Having been brought up at Wighill, the site of the first murder in the blood feud of the title, Fletcher has a more than average interest the history of the area. The period he covers from 1016 to 1170 in Northumbria is one of change and growth. Fletcher wishes to explore the historical framework of that period and its place in English history. As he points out the Norman Conquest in 1066 was the second conquest “of the kingdom of England in the eleventh century” (1). And he also rightly informs us that few outside the academic specialty of medieval English history know much about the earlier invasions of the Danes. The Normans conquered in 1066, the Danes led by King Sweyn, in 1016.

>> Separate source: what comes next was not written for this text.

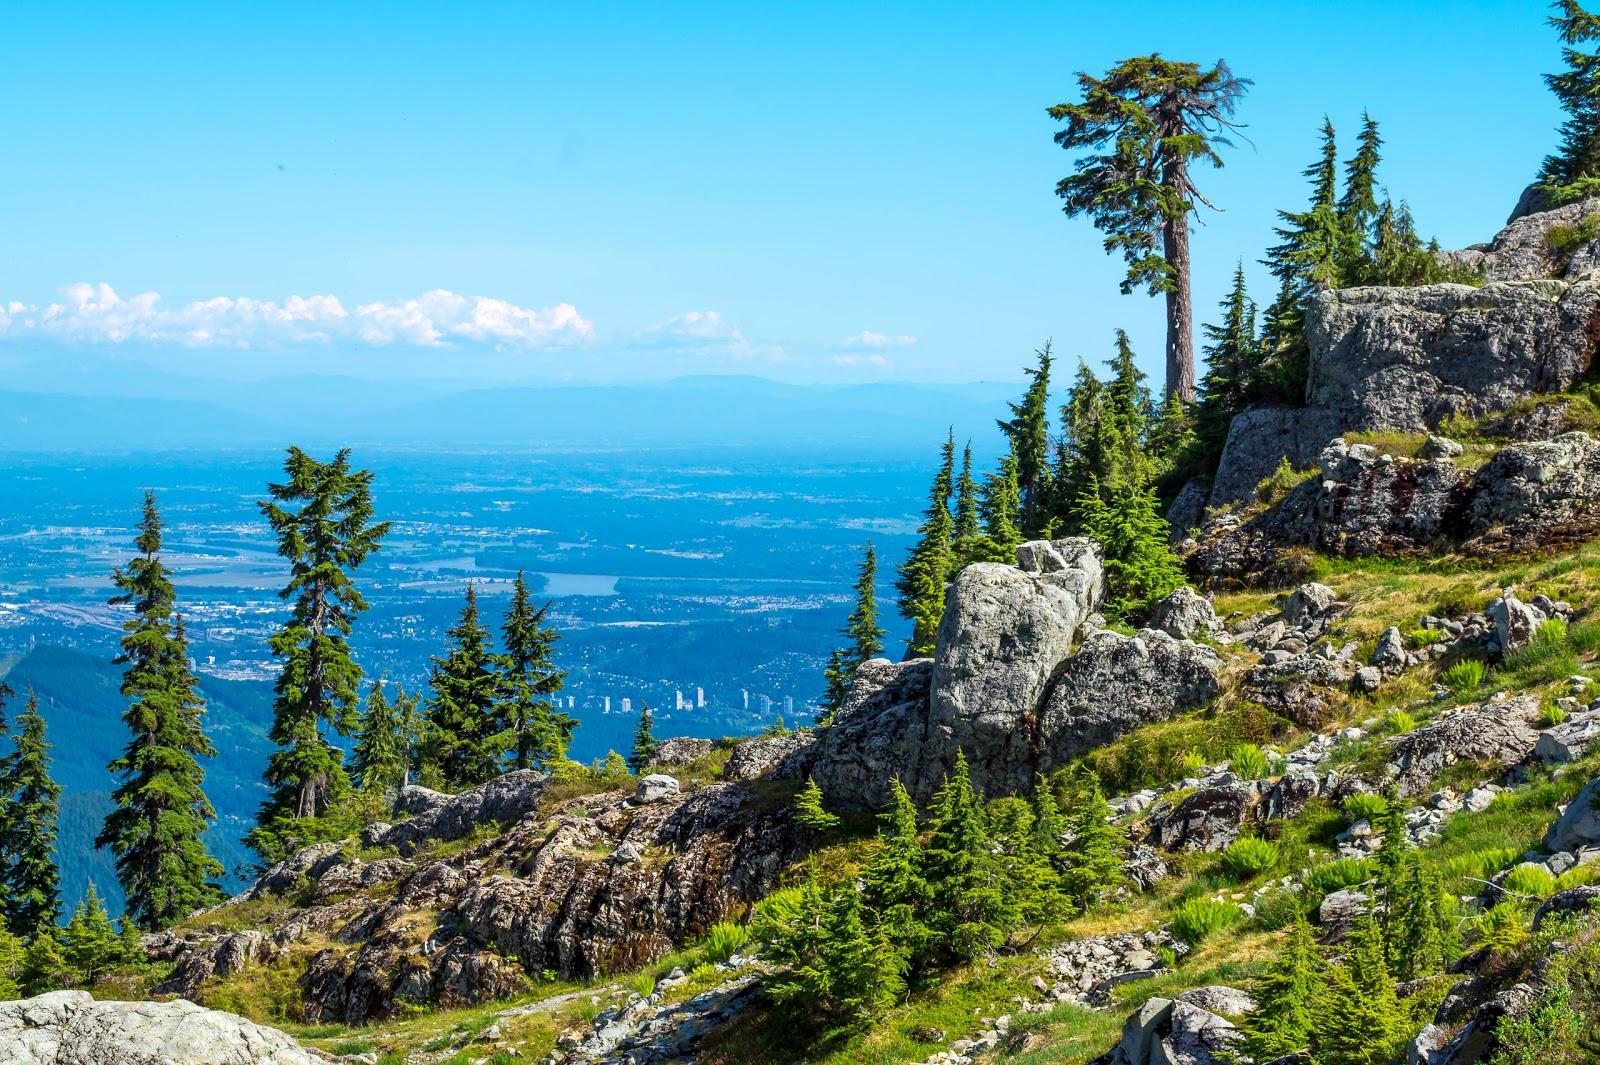 виды на Ванкувер и на долину реки Фрейзер

Fletcher tells us; “In the course of the year 1016 there were five battles between the English and Danes, a long Danish blockade of London, and much laying of waste of territory” (1). Sweyn’s son Canute went against one Uhtred, an earl under the English king Ethelred II. Uhtred realizing Canute’s superior power agreed to submit to him and the place was fixed at Wiheal. The place itself no longer exists, but Fletcher surmises from the itinerary of Canute that Wighill might well have been the place. Since there is no concrete evidence for much of what happened in this period, historians must piece together records, maps and chronicles of the time and then choose the scenario or conclusion that seems to best suit the evidence. Thus much of what Fletcher writes is qualified with conditionals: “As befitted a ritual exchange of peace, and given the guarantee of safe-conduct, weapons and body-armour would have been left with the horses outside, in the care of grooms and servants” (3). Of course he has no direct proof of this, but the custom which dates back at least to Homer and is documented in Beowulf is traditional enough to allow him to claim it in his narrative.

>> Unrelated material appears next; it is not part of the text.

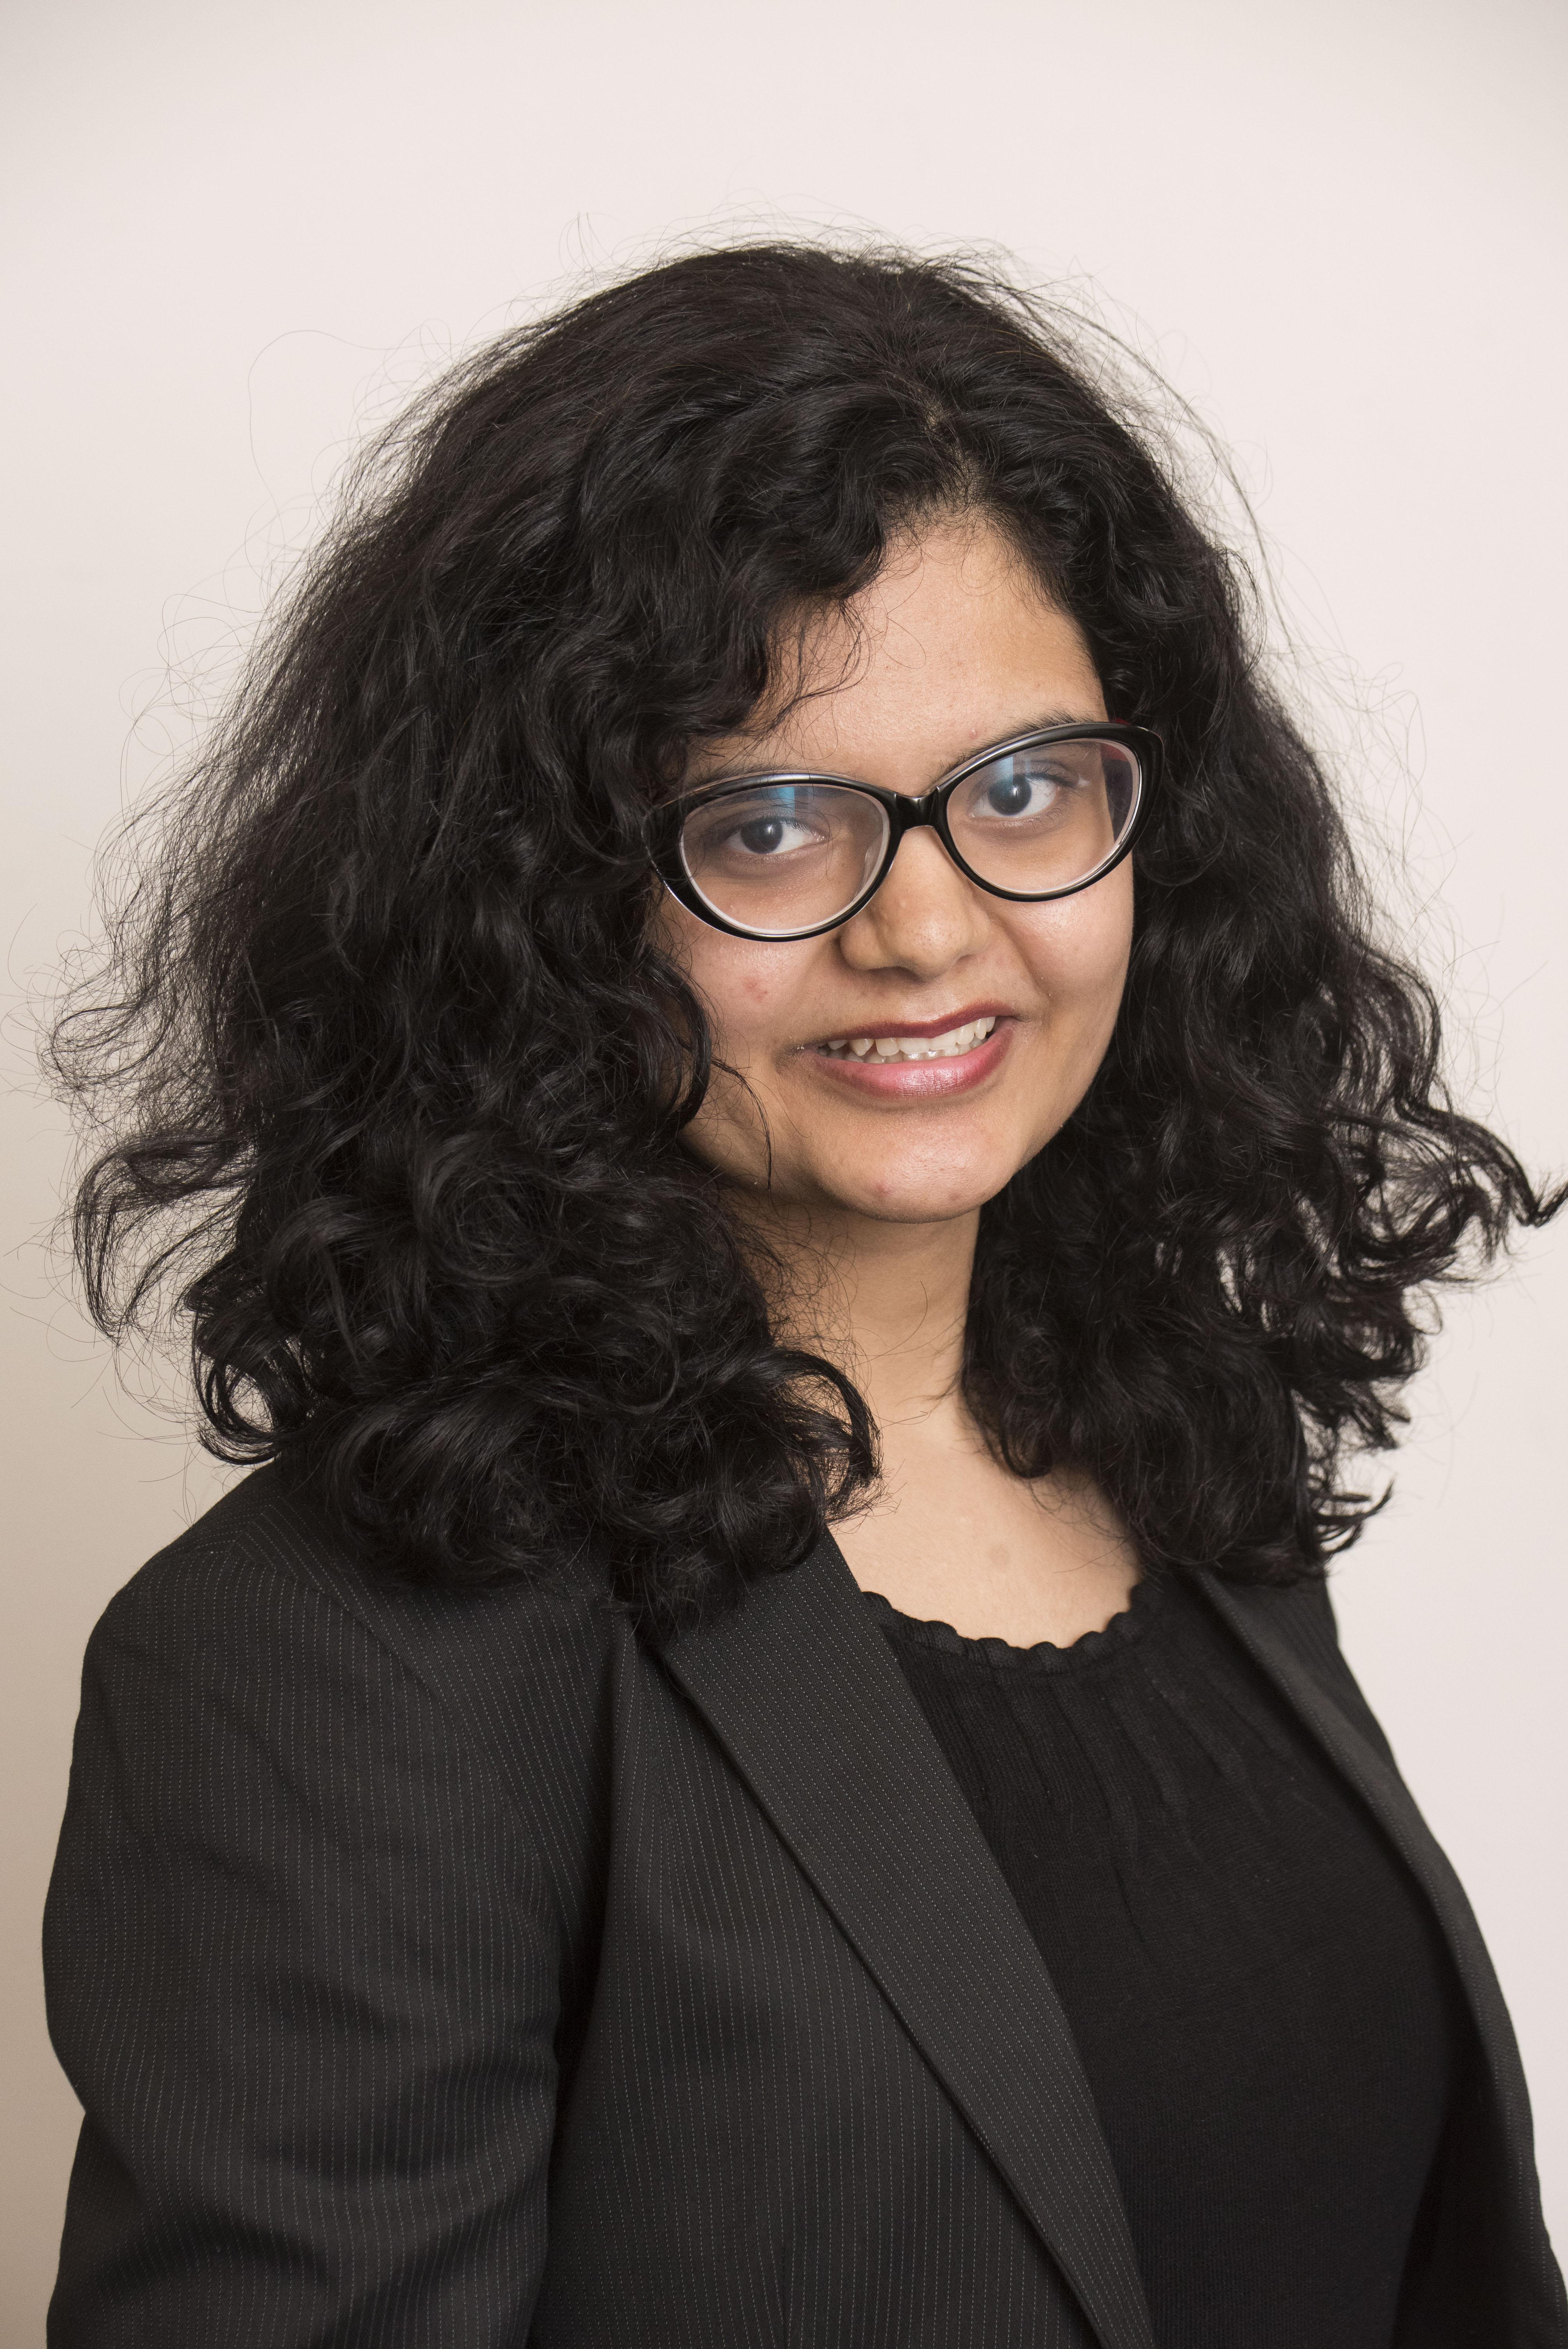 Headshot of Isha Chaturvedi

Facts (and he and I use them advisedly when it comes to medieval chronicles) are presented with caution. He comments about the foreign nature of the eleventh century thus:

In a large part this is owing to the extreme paucity of the sources that have come down to us from that distant epoch. Everything that we know about Earl Uhtred of Northumbria could be written on a post-card. His death was reported in a single sentence by one strictly contemporary witness, the anonymous annalist who complied, possibly at York, what is known as manuscript D of the year-by-year account of public events which historians call the Anglo-Saxon Chronicle. (4)

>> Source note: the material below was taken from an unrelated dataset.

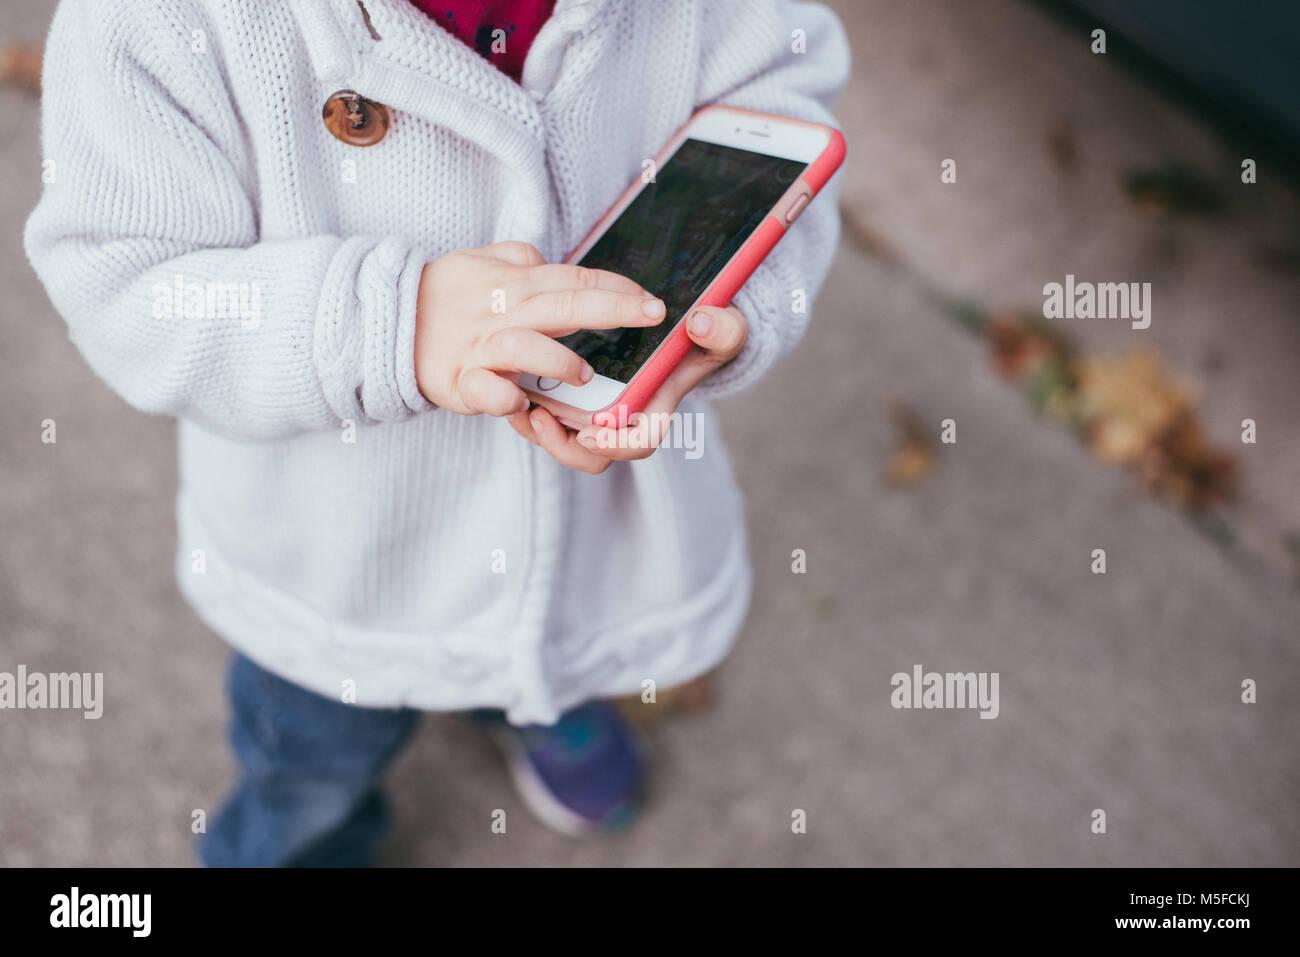 Ein Kleinkind Mädchen spielt auf einem Smartphone. Stockbild
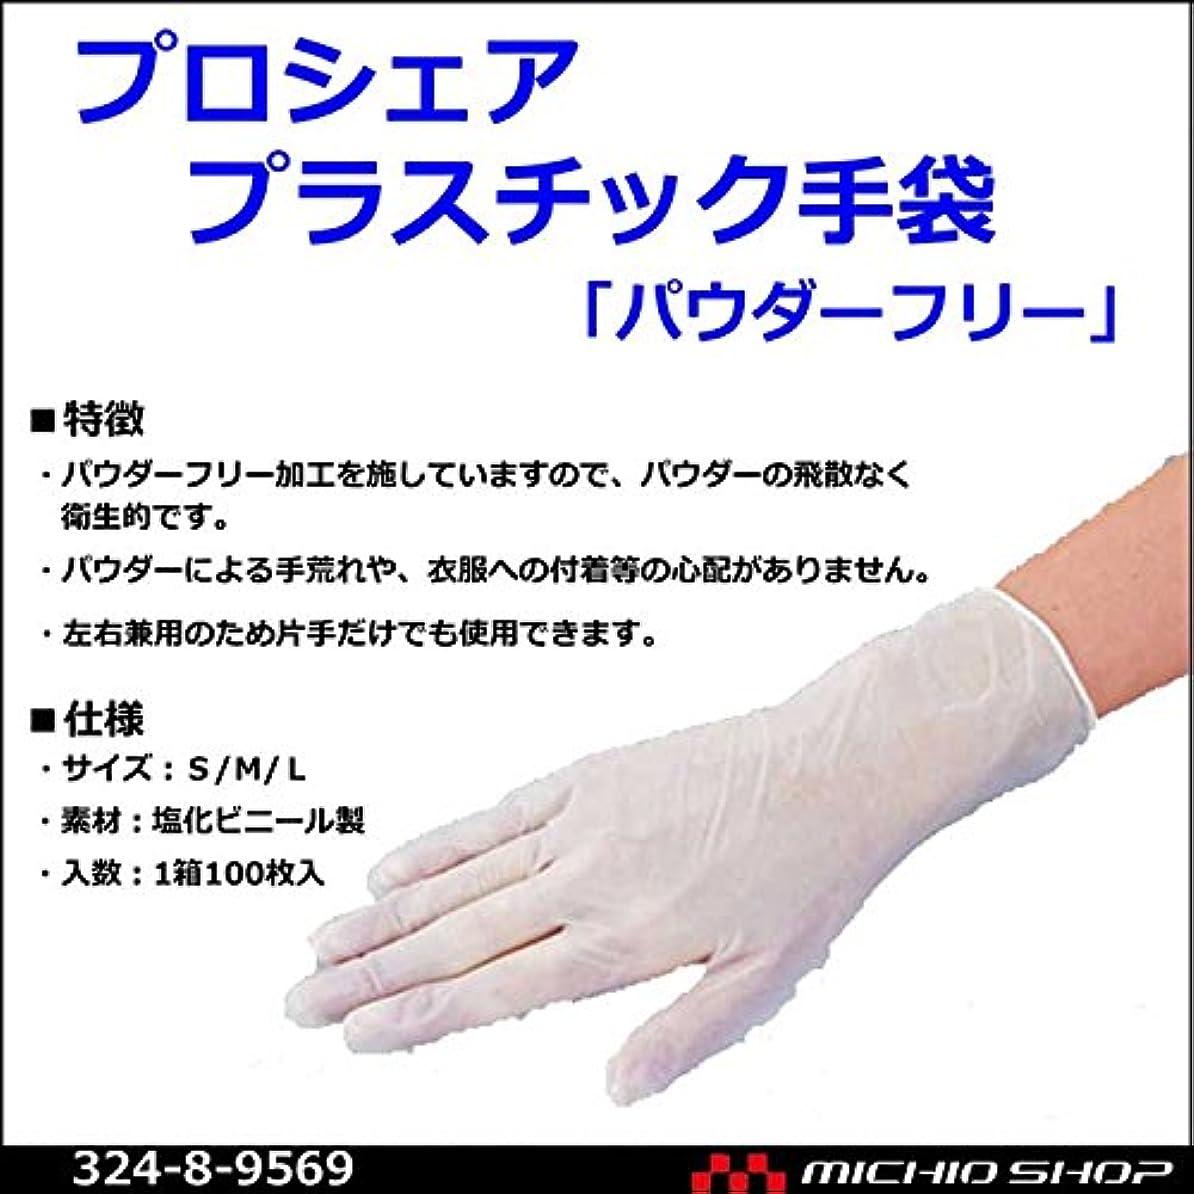 フレキシブル簿記係高原アズワン プロシェアプラスチック手袋 100枚入 8-9569 02 M

While the Chronicle is a major source, Fletcher also relies heavily on an anonymous document written, about 60 years after the death of Uhtred, by a monk at Durham. This document is mostly interested in landed endowments and the descent of estates in the area, but these provide the modern researcher with information on how various properties were transmitted between families, which in turn gives valuable information on the political fortunes of those families. And it is the feuding of the major families of Northumbria that interests Fletcher. The story in brief runs thus:

Earl Uhtred’s son, by name Ealdred, avenged his father’s murder by slaying the killer, Thurbrand. Thurbrand’s son Carl, in turn avenged his father’s death by killing Ealdred. In due course Ealdred’s grandson Watheof contrived to avenge that murder by cornering all Carl’s sons and grandsons when they were feasting together. (5)

Feuding went on in the US up into the last century. And a type of tribal feuding seems to exist yet in parts of the world. We have only to look at the former Yugoslavia and places in Africa to see the destruction caused by such ongoing warring. To understand such matters, medievalists have been applying the methods of anthropology to their studies for at least a century. According to Fletcher anthropology must be used sparingly in medieval studies since the society of eleventh-century England was ‘developed’ and complex in ways that many tribal peoples are not. Additionally anthropology tells us that “feud is not simply revenge, though the instinct of revenge underlies it” (8). The essence of feud is that it encompasses groups and is governed by “accepted social conventions” (8). The groups are usually kin, but feuds expand outward to take in retainers and neighbors. In a feud, the hostility is most often generated by a public affront to honor; verbal or physical abuse, abduction or rape, theft, arson, or murder all can start a feud. The state of hostility between the groups is recognized by outsiders as “a regular form of the relationship” (9). And as such is subject to various rules: the acceptable degree of violence, a notion of parity in exchange, collective liability, and an apparatus for negotiating between the hostiles (9).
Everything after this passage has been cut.